About this task
The entries below contain a line with "Saalt - Saalt" and a line with "Chemise à paillettes". Quote exactly those two lines and all lines between them.

Records from a collection
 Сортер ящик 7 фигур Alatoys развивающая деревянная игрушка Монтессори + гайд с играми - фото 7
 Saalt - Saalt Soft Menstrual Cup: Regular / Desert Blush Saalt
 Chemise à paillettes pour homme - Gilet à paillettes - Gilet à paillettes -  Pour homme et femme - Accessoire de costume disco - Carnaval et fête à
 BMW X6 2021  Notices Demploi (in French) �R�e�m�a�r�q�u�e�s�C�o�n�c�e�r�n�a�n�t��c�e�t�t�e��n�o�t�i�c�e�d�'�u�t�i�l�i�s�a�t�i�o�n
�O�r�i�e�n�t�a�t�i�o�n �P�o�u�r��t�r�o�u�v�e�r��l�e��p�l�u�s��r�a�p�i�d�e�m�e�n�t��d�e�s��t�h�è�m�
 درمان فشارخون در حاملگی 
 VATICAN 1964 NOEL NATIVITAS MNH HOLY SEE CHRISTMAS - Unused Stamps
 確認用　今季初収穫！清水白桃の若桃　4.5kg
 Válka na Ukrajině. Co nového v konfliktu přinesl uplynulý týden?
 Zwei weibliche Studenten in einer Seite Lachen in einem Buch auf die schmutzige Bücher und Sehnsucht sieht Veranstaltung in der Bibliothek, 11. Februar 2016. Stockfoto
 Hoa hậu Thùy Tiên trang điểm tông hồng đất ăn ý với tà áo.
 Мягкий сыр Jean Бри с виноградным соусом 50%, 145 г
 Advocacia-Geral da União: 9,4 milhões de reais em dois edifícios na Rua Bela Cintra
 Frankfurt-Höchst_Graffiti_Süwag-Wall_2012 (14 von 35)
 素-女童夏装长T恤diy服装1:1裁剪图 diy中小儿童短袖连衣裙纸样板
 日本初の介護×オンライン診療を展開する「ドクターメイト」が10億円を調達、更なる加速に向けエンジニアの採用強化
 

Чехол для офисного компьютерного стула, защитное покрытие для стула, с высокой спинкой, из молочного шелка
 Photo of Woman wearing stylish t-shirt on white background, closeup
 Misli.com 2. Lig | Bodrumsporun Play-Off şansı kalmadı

Answer space
 Saalt - Saalt Soft Menstrual Cup: Regular / Desert Blush Saalt
 Chemise à paillettes pour homme - Gilet à paillettes - Gilet à paillettes -  Pour homme et femme - Accessoire de costume disco - Carnaval et fête à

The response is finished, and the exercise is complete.